Syntax: 语法: πA1,A2,...,An(R)
Example: 示例: πb_id-100, a_id(σa_id=’a2’(R))
SQL Equivalent: SQL 等价:
SELECT b_id-100, a_id FROM R WHERE a_id = 'a2';
Union (∪) 并集
Combines tuples from both relations (must have same schema). 合并两个关系中的元组(必须具有相同的模式)。
Syntax: 语法: R ∪ S
SQL Equivalent: SQL 等价:
(SELECT * FROM R)
UNION ALL
(SELECT * FROM S);
Intersection (∩) 交集
Returns tuples present in both relations. 返回同时存在于两个关系中的元组。
Syntax: 语法: R ∩ S
SQL Equivalent: SQL 等价:
(SELECT * FROM R)
INTERSECT
(SELECT * FROM S);
Difference (−) 差异
Returns tuples in the first relation but not in the second. 返回第一个关系中存在但第二个关系中不存在的元组。
Syntax: 语法: R − S
SQL Equivalent: SQL 等价:
(SELECT * FROM R)
EXCEPT
(SELECT * FROM S);
Product (×) 笛卡尔积
Cartesian product of two relations. 两个关系的笛卡尔积。
Syntax: 语法: R × S
SQL Equivalent: SQL 等价:
SELECT * FROM R CROSS JOIN S;
-- or simply
SELECT * FROM R, S;
Join (▷◁) 连接
Combines tuples from two relations based on shared attributes. 根据共享属性组合两个关系中的元组。
Syntax: 语法: R ▷◁ S
SQL Equivalent: SQL 等价:
SELECT * FROM R JOIN S USING (ATTRIBUTE1, ATTRIBUTE2...);
Observation 观察
Relational Algebra defines both operations and order of execution. 关系代数定义了操作和执行顺序。
Example comparison: 示例比较:
- σb_id=102(R ▷◁ S): Join first, then filter. 先连接,再过滤。
- (R ▷◁ σb_id=102(S)): Filter S first, then join. 先过滤 S,再连接。
Although results are the same, the second is much more efficient if S is large. 尽管结果相同,但如果 S 很大,第二种方法效率高得多。
In SQL, the user specifies what to compute, not how to compute it — the DBMS performs query optimization. 在 SQL 中,用户指定要计算什么,而不是如何计算——数据库管理系统执行查询优化。
7. Other Data Models 其他数据模型
Document Data Model 文档数据模型
- Collection of hierarchical documents with field/value pairs. 包含字段/值对的层次化文档集合。
- Fields can contain:
字段可以包含:
- Scalars 标量
- Arrays 数组
- Pointers to other documents 指向其他文档
- Modern systems use JSON; older ones used XML or custom objects. 现代系统使用 JSON;旧系统使用 XML 或自定义对象。

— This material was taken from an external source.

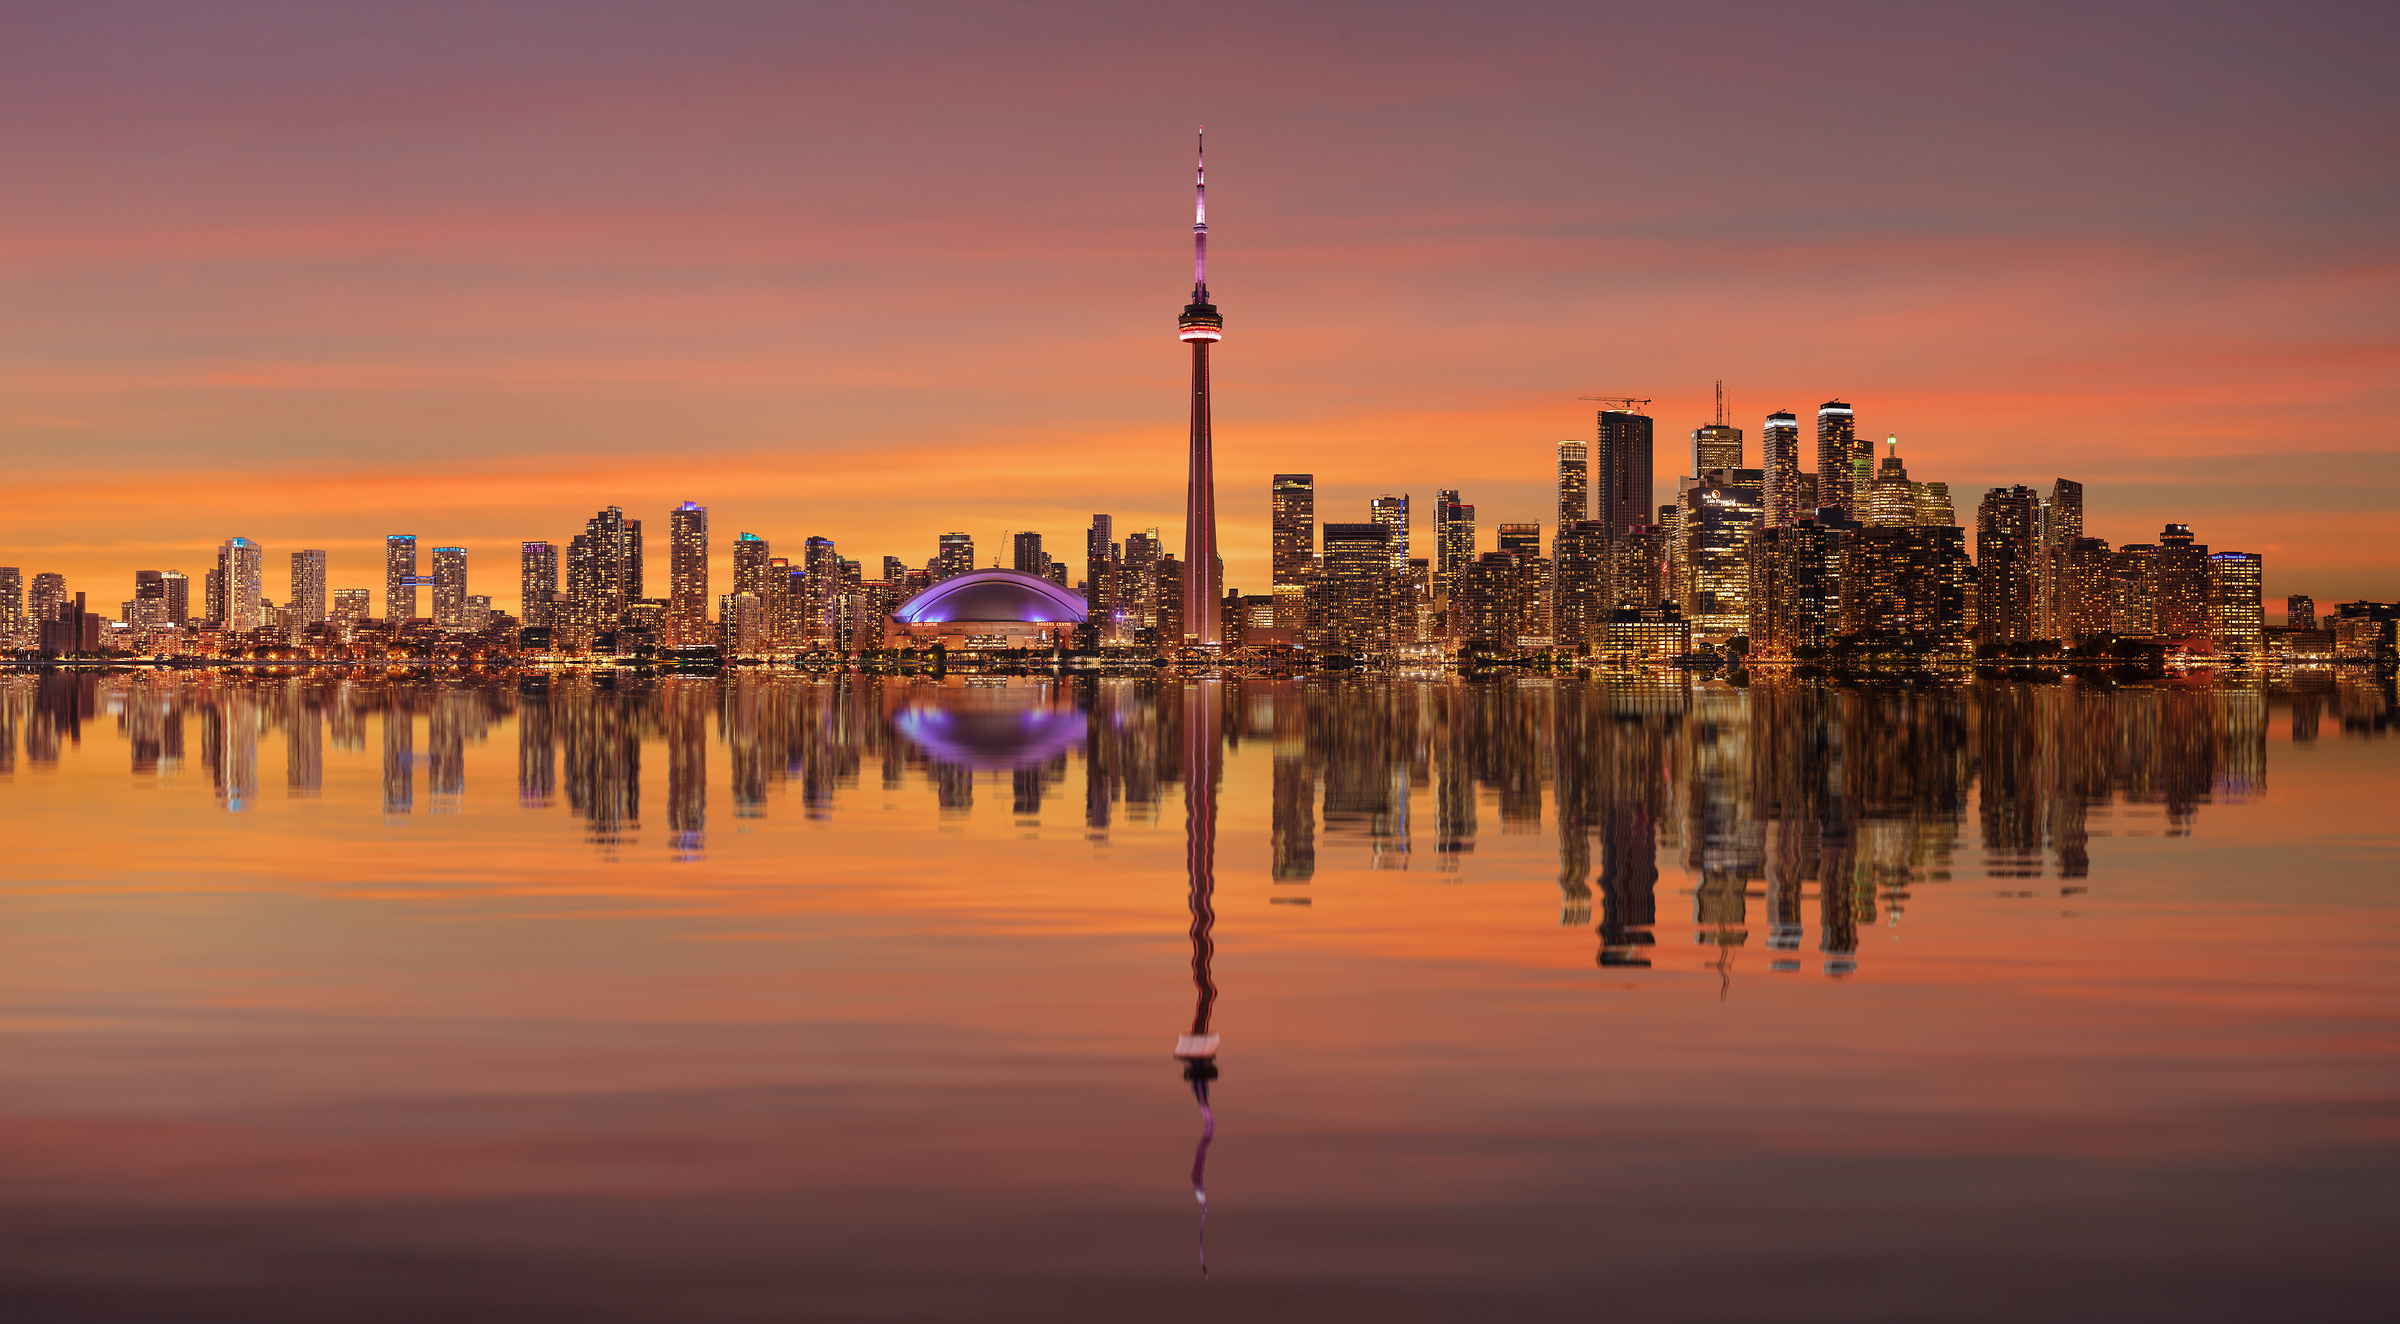 3,204 megapixels! A very high resolution, large-format VAST photo print of the Toronto skyline at sunset with a reflection in Lake Ontario; cityscape photograph created by Chris Collacott in Toronto, Ontario, Canada.

- Solves some use cases but retains flat-file problems. 解决了一些用例,但保留了平面文件问题。
Vector Data Model 向量数据模型
- Represents 1D arrays for nearest-neighbor (NN) search (exact or approximate). 表示用于最近邻(NN)搜索的一维数组(精确或近似)。
- Used in semantic search, especially with embeddings from ML models (e.g., transformers). 用于语义搜索,尤其是在使用机器学习模型(如 transformers)的嵌入时。
- Supports integration with tools such as LangChain and OpenAI APIs. 支持与 LangChain 和 OpenAI API 等工具集成。
- Many relational DBMSs now support vector indexes (e.g.,
pgvector) for efficient NN search. 许多关系型数据库管理系统现在支持向量索引(例如pgvector),以实现高效的最近邻搜索。